How important is it to ShAFF to represent local filmmakers at the festival?

Increasingly so. Three years ago we had a couple of films entered by students at Sheffield Hallam University. They made their films especially for the festival. Whilst they weren’t of the same quality as many of the other films submitted we felt it was important to give them a platform to show their talents. This year we employed one of them to make our festival trailer and he’s secured some work for Red Bull. There is a strong outdoor community in Sheffield which has generated a strong local filmmaking population. As well as encouraging these filmmakers to submit their films, we also put on an Industry Hangout on the Saturday of the festival where they get a chance to meet each other and dream up new dreams (this is an invitation event – if you’re a filmmaker, or a budding filmmaker) and would like to come, please drop us a line.

How can individuals get involved with the festival?

There’s a section on the website where volunteers can apply to work at the festival. Volunteers, as you will be unsurprised to hear, form the backbone of the event. Without them it simply wouldn’t happen.

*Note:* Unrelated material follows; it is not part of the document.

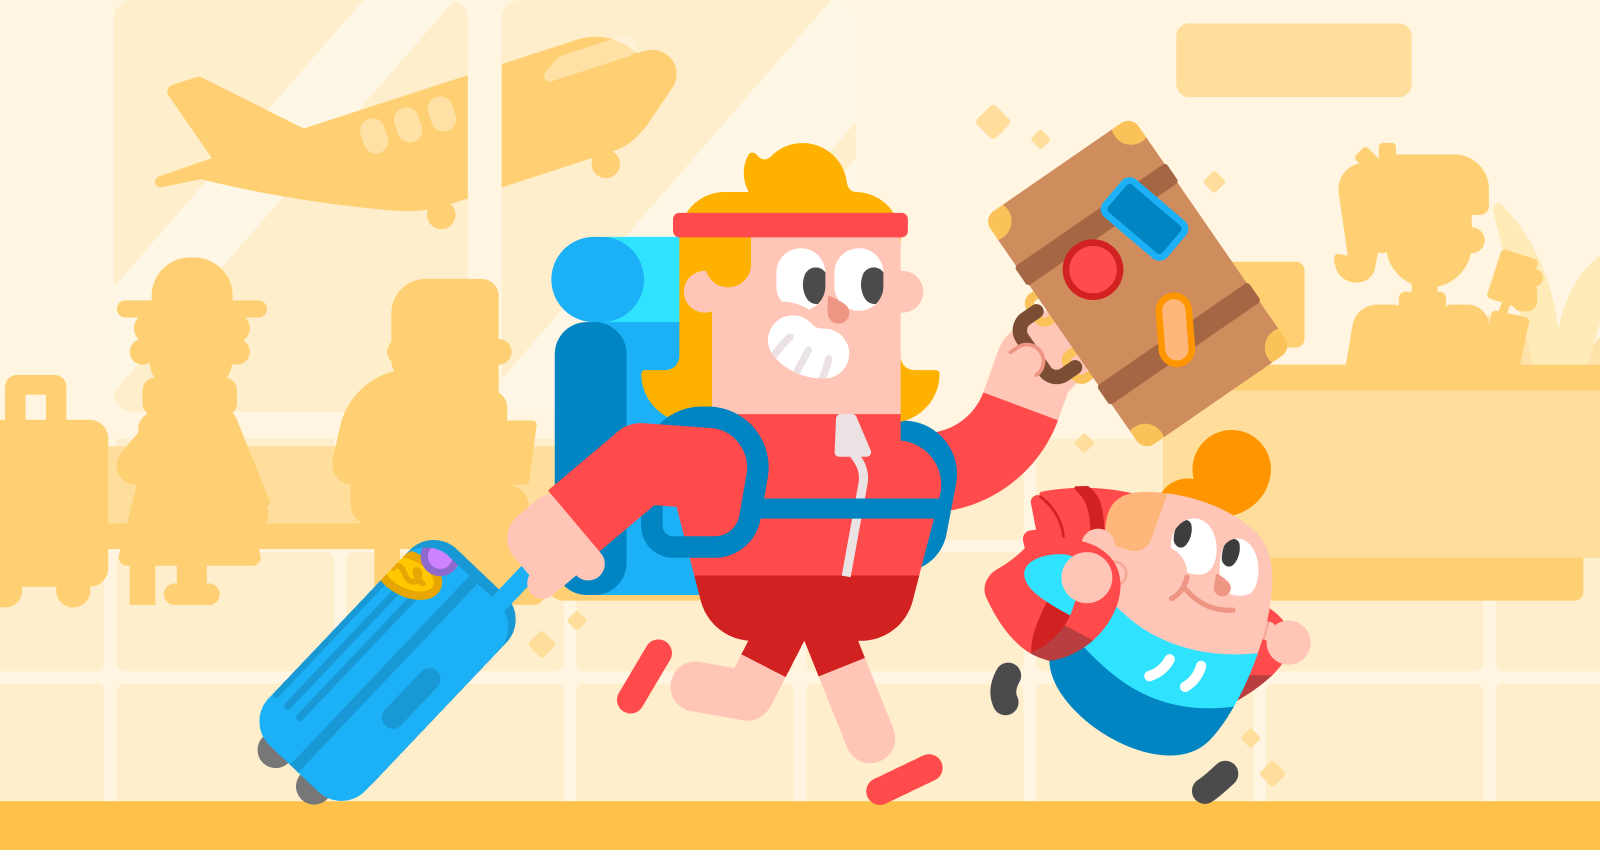 Dibujo de los personajes de Duolingo Eddy y Junior corriendo con alegría en un aeropuerto. Eddy lleva una mochila, arrastra un bolso con ruedas con una mano y lleva una maleta en la otra. Junior corre a su lado con una mochila. En el fondo pueden verse otros turistas y sus equipajes, un empleado detrás de un mostrador y un avión que despega.

Tell us more about your continuing charity partner for this year’s festival.

For the third year running we’ve partnered with Sheffield Hospitals Charity who are raising money for the new helipad at the Northern General Hospital. We feel that there’s a clear correlation between the people who come to the festival, and the helipad appeal. As well as various methods by which people can donate at the event (including a charity fundraiser with local business Wild Country, about the evolution of ‘Friends’ on the Saturday night of the festival) people can opt to add a £1 donation when buying tickets.

What are your goals for the future of ShAFF?

To keep doing what we are doing, to do it better, and to get more people along to the event to share in the inspiring stories and atmosphere.